▶ _Task to complete_
Word for word, please restate the lines from the beginning of the data through the line in which "Colborne, Kanada - 7." appears.

▶ _The data_
+ + + + + + +

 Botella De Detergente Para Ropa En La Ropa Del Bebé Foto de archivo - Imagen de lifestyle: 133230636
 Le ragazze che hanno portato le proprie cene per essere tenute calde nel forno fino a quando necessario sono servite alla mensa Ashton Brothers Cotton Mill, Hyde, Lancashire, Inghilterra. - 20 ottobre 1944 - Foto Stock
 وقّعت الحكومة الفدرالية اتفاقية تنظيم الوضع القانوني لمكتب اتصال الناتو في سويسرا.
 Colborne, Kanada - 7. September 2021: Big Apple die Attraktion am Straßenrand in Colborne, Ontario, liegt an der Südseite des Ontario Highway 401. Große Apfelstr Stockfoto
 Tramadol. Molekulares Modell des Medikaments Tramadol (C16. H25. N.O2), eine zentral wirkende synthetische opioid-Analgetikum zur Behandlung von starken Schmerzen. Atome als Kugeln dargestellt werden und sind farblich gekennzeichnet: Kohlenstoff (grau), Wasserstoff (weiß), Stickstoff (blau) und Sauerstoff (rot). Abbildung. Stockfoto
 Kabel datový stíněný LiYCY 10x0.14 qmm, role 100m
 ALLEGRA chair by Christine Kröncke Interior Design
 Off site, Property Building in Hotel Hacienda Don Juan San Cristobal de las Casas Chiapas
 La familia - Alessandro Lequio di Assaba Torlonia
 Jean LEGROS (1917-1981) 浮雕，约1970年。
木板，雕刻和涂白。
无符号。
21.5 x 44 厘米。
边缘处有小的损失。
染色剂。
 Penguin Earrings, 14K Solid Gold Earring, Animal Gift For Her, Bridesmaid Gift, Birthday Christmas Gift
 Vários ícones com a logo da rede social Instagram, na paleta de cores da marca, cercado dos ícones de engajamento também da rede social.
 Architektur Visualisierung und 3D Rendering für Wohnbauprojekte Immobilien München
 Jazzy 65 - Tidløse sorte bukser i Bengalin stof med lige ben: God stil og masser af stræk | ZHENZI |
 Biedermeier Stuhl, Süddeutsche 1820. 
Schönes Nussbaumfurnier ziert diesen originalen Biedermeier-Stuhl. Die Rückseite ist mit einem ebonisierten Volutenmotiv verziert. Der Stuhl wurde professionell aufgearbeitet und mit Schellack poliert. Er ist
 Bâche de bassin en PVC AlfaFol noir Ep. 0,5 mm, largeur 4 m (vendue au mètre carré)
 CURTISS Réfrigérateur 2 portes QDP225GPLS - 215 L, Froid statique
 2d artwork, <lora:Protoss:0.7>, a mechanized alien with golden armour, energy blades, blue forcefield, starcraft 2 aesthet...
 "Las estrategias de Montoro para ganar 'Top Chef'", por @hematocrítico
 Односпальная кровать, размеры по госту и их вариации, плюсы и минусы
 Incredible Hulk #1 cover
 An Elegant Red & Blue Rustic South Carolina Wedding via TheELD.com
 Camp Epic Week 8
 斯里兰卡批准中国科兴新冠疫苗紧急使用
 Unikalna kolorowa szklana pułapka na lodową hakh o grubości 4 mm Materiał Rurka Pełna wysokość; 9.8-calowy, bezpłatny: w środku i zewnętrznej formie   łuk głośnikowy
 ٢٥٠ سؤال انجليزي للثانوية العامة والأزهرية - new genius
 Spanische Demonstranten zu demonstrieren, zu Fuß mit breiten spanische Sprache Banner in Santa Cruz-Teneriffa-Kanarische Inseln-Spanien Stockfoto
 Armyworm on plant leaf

+ + + + + + +

▶ _Reply to the exercise_
 Botella De Detergente Para Ropa En La Ropa Del Bebé Foto de archivo - Imagen de lifestyle: 133230636
 Le ragazze che hanno portato le proprie cene per essere tenute calde nel forno fino a quando necessario sono servite alla mensa Ashton Brothers Cotton Mill, Hyde, Lancashire, Inghilterra. - 20 ottobre 1944 - Foto Stock
 وقّعت الحكومة الفدرالية اتفاقية تنظيم الوضع القانوني لمكتب اتصال الناتو في سويسرا.
 Colborne, Kanada - 7. September 2021: Big Apple die Attraktion am Straßenrand in Colborne, Ontario, liegt an der Südseite des Ontario Highway 401. Große Apfelstr Stockfoto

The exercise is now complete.